If `compress-fasttext` is already installed, you can download and use this tiny model
```python
import compress_fasttext
small_model = compress_fasttext.models.CompressedFastTextKeyedVectors.load(
'https://github.com/avidale/compress-fasttext/releases/download/gensim-4-draft/geowac_tokens_sg_300_5_2020-100K-20K-100.bin'
)
print(small_model['спасибо'])
# [ 0.26762889 0.35489027 ... -0.06149674] # a 300-dimensional vector
print(small_model.most_similar('котенок'))
# [('кот', 0.7391024827957153), ('пес', 0.7388300895690918), ('малыш', 0.7280327081680298), ... ]
```
The class `CompressedFastTextKeyedVectors` inherits from `gensim.models.fasttext.FastTextKeyedVectors`,
but makes a few additional optimizations.

For English, you can use [this](https://github.com/avidale/compress-fasttext/releases/download/v0.0.4/cc.en.300.compressed.bin) tiny model,
obtained by compressing [the model by Facebook](https://fasttext.cc/docs/en/crawl-vectors.html).

```python
import compress_fasttext
small_model = compress_fasttext.models.CompressedFastTextKeyedVectors.load(
'https://github.com/avidale/compress-fasttext/releases/download/v0.0.4/cc.en.300.compressed.bin'
)
print(small_model['hello'])
# [ 1.84736611e-01 6.32683930e-03 4.43901886e-03 ... -2.88431027e-02] # a 300-dimensional vector
print(small_model.most_similar('Python'))
# [('PHP', 0.5252903699874878), ('.NET', 0.5027452707290649), ('Java', 0.4897131323814392), ... ]
```

More compressed models for 101 various languages can be found at https://zenodo.org/record/4905385.
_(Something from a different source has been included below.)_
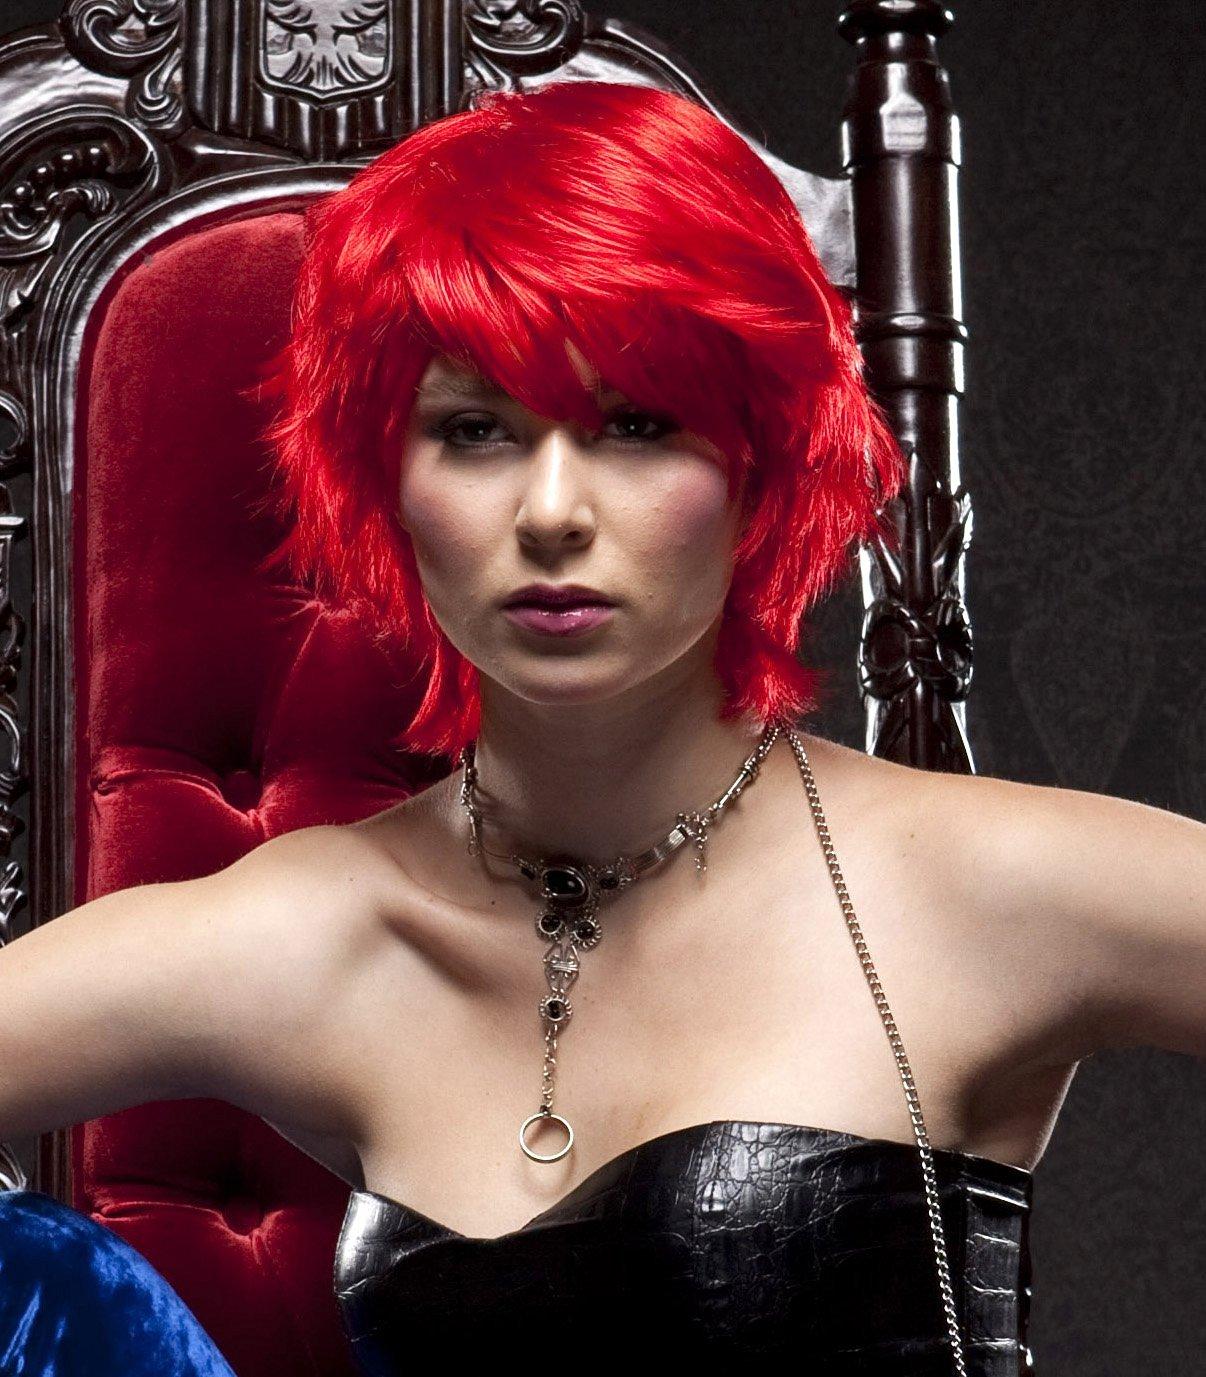 Modern RED Short Hair wigs for Women-Short hair Wigs for Black Women-Sexy Short wigs with bangs-Nicki Minaj,Vanessa Wig,Khloe Kardashia wig style type-Use Wig cap,wig stand,wig head and wig brush

### Example of application

In practical applications, you usually feed fastText embeddings to some other model.
The class `FastTextTransformer` uses [the scikit-learn interface](https://scikit-learn.org/stable/data_transforms.html)
and represents a text as the average of the embedding of its words.
With it you can, for example, train a classifier on top of fastText
to tell edible things from inedible ones:

```python
import compress_fasttext
from sklearn.pipeline import make_pipeline
from sklearn.linear_model import LogisticRegression
from compress_fasttext.feature_extraction import FastTextTransformer

small_model = compress_fasttext.models.CompressedFastTextKeyedVectors.load(
'https://github.com/avidale/compress-fasttext/releases/download/v0.0.4/cc.en.300.compressed.bin'
)

classifier = make_pipeline(
FastTextTransformer(model=small_model),
LogisticRegression()
).fit(
['banana', 'soup', 'burger', 'car', 'tree', 'city'],
[1, 1, 1, 0, 0, 0]
)
classifier.predict(['jet', 'train', 'cake', 'apple'])
# array([0, 0, 1, 1])
```

### Notes
This code is heavily based on the [navec](https://github.com/natasha/navec) package by Alexander Kukushkin and
[the blogpost](https://medium.com/@vasnetsov93/shrinking-fasttext-embeddings-so-that-it-fits-google-colab-cd59ab75959e)
by Andrey Vasnetsov about shrinking fastText embeddings.